_DATASET CONTENT_:
"""

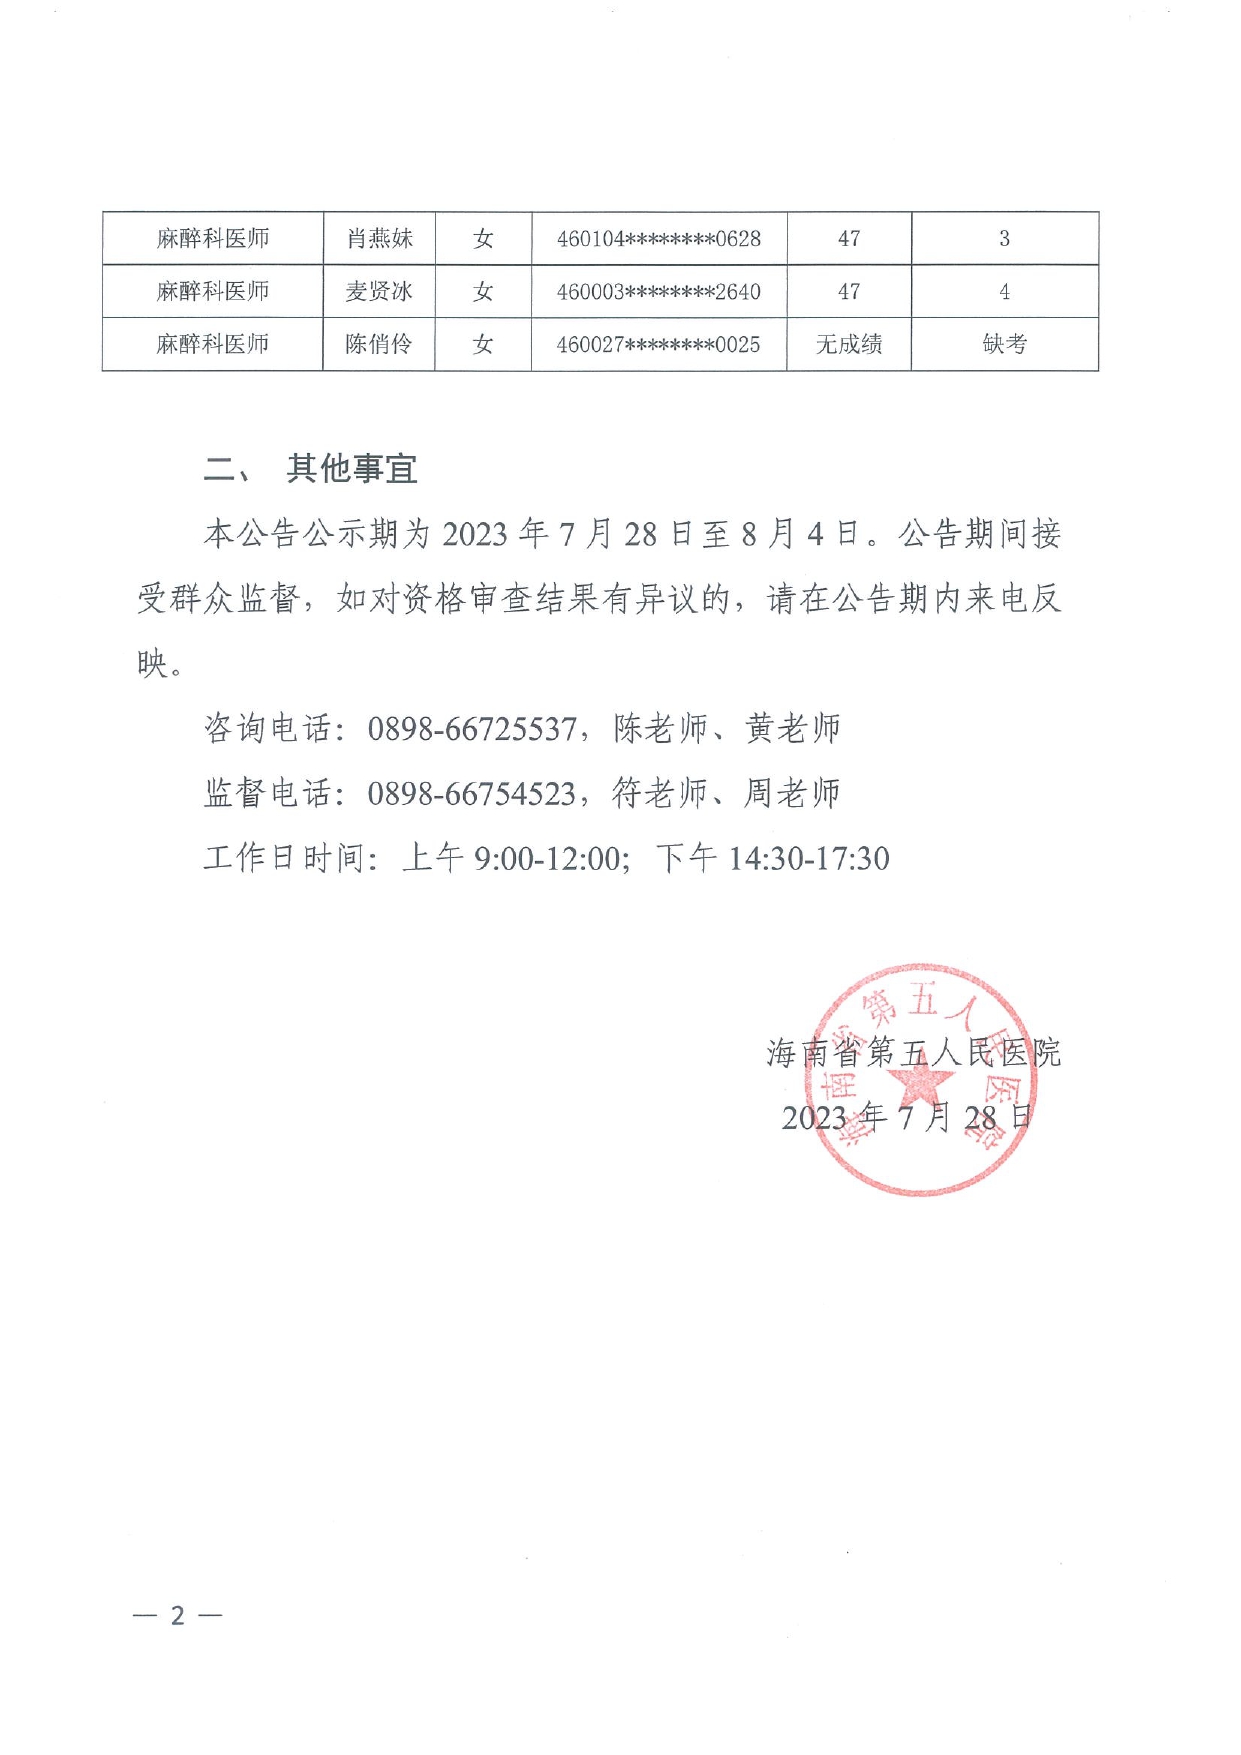 海南省第五人民医院2023年公开招聘工作人员笔试成绩公告_page-0002.jpg
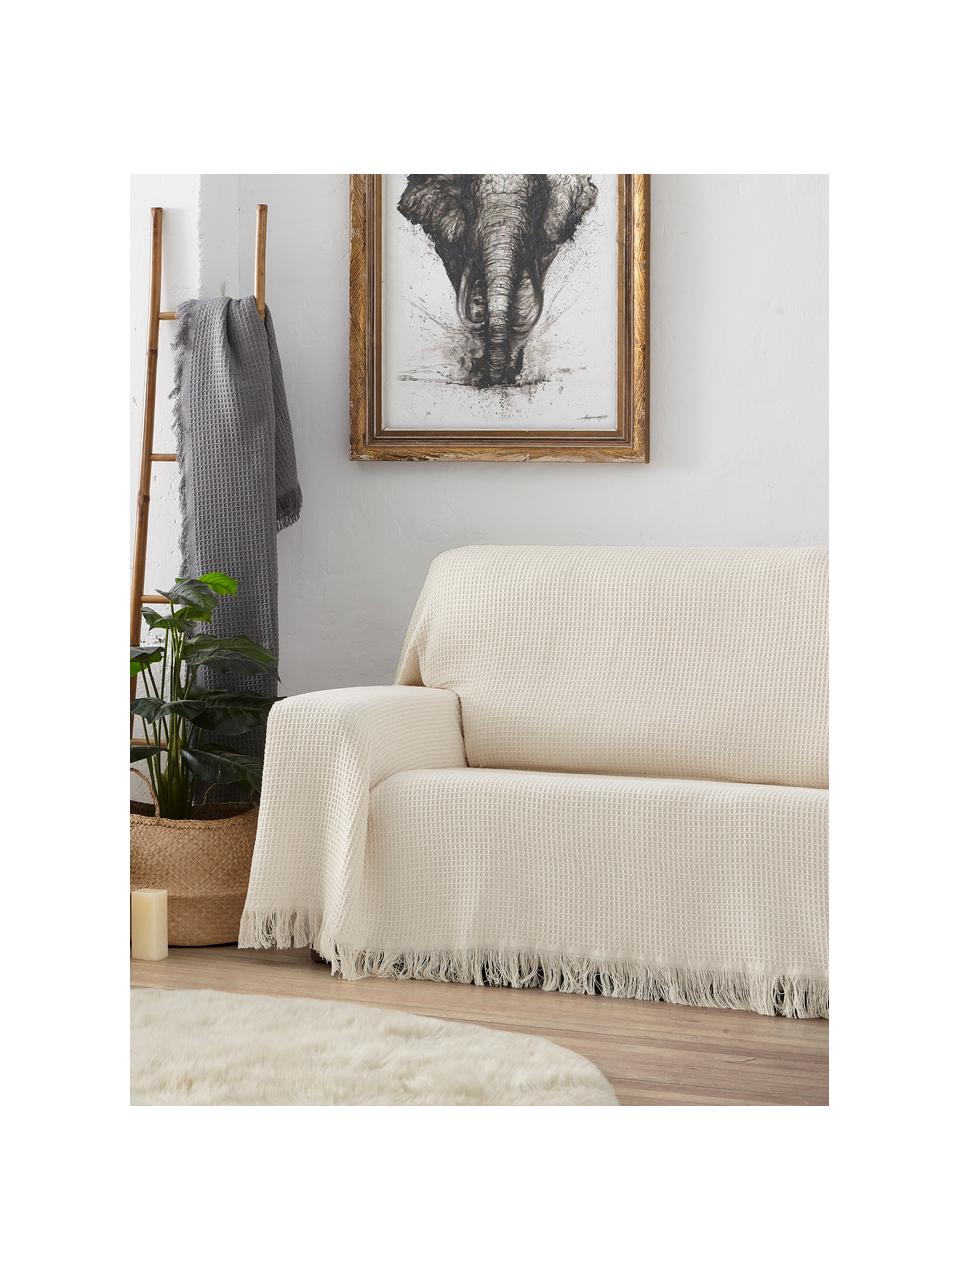 Wielofunkcyjna narzuta na sofę Amazons, 80% bawełna, 20% inne włókna, Szarozielony, S 180 x D 260 cm
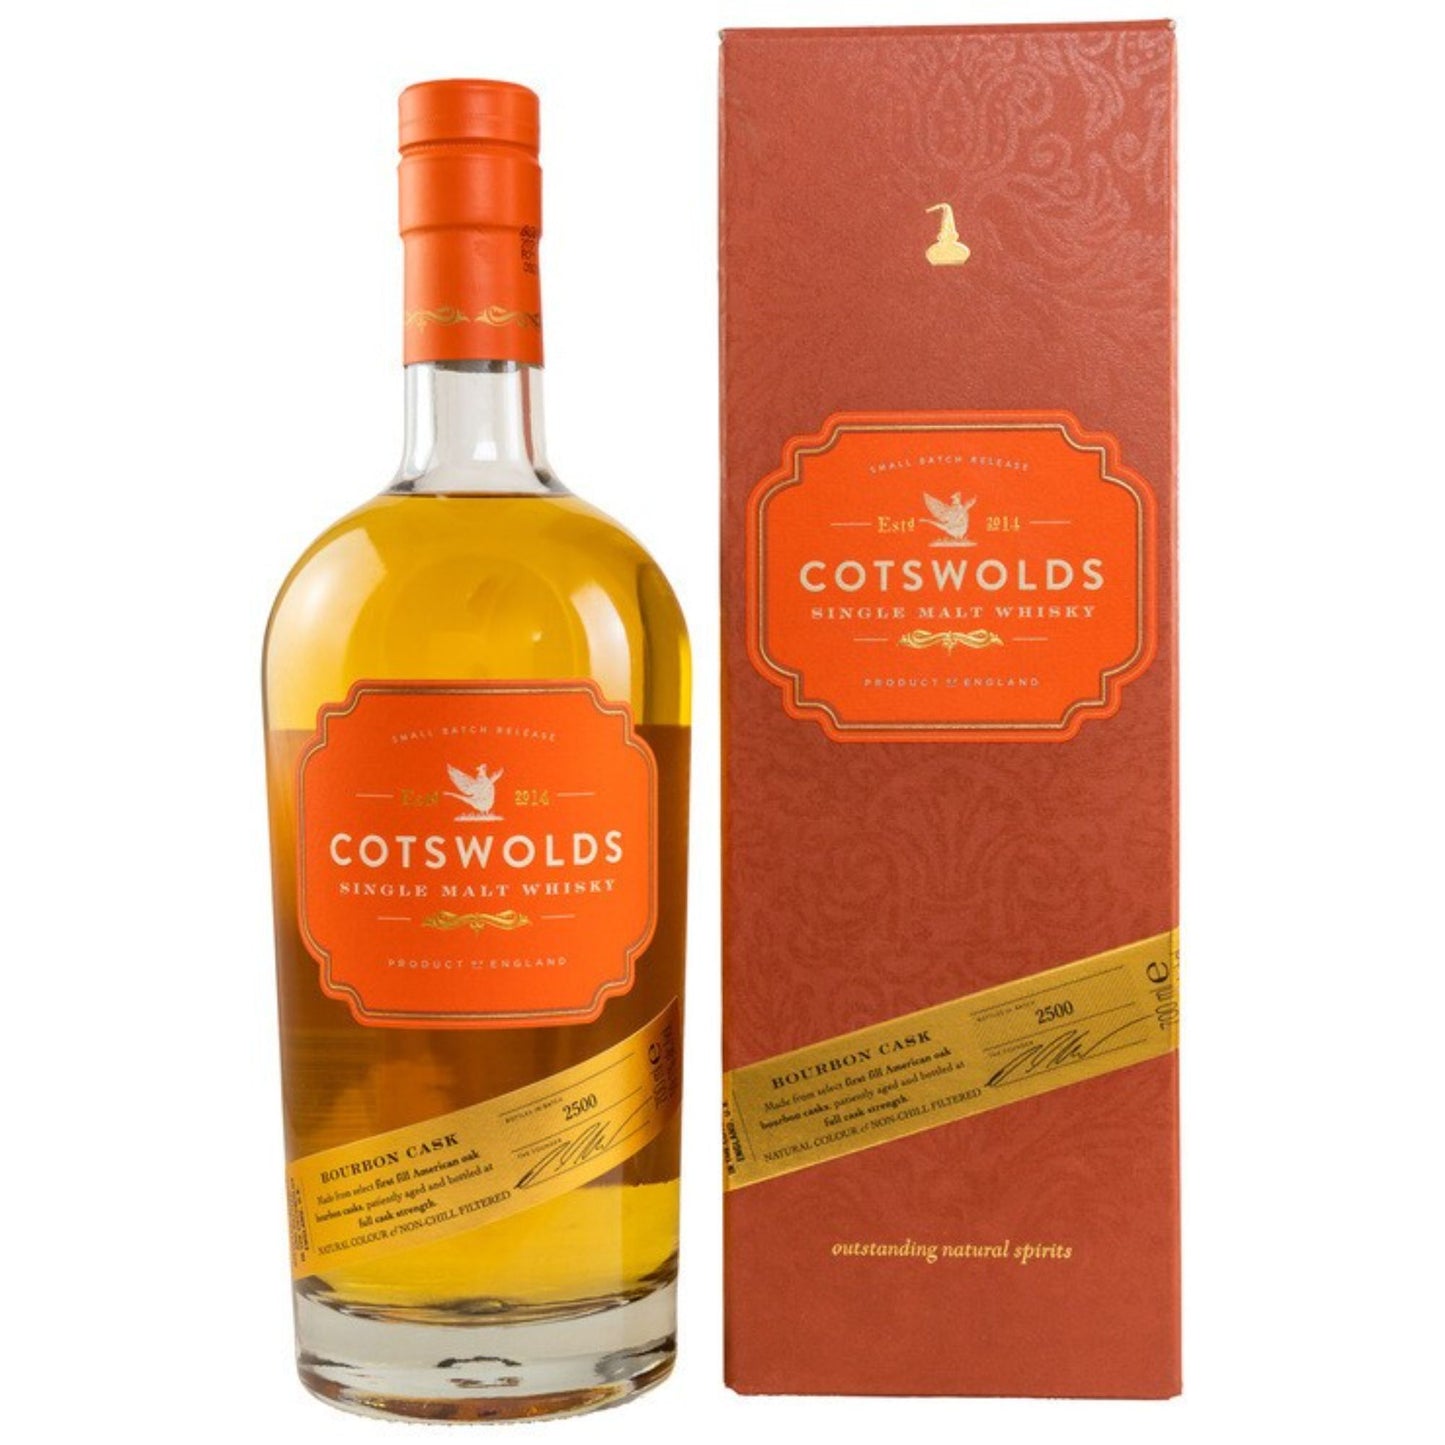 Cotswolds Bourbon Cask Single Malt Whisky 59,1% 0,7l

"""

_WHAT TO PRODUCE_: Transcribe only the lines from the line holding "Wielofunkcyjna narzuta na" to the final line of the listing above. Keep them exact, include both ends, and skip the pictures.

_RESULT FOR THIS EXERCISE_:
 Wielofunkcyjna narzuta na sofę Amazons, 80% bawełna, 20% inne włókna, Szarozielony, S 180 x D 260 cm
 Cotswolds Bourbon Cask Single Malt Whisky 59,1% 0,7l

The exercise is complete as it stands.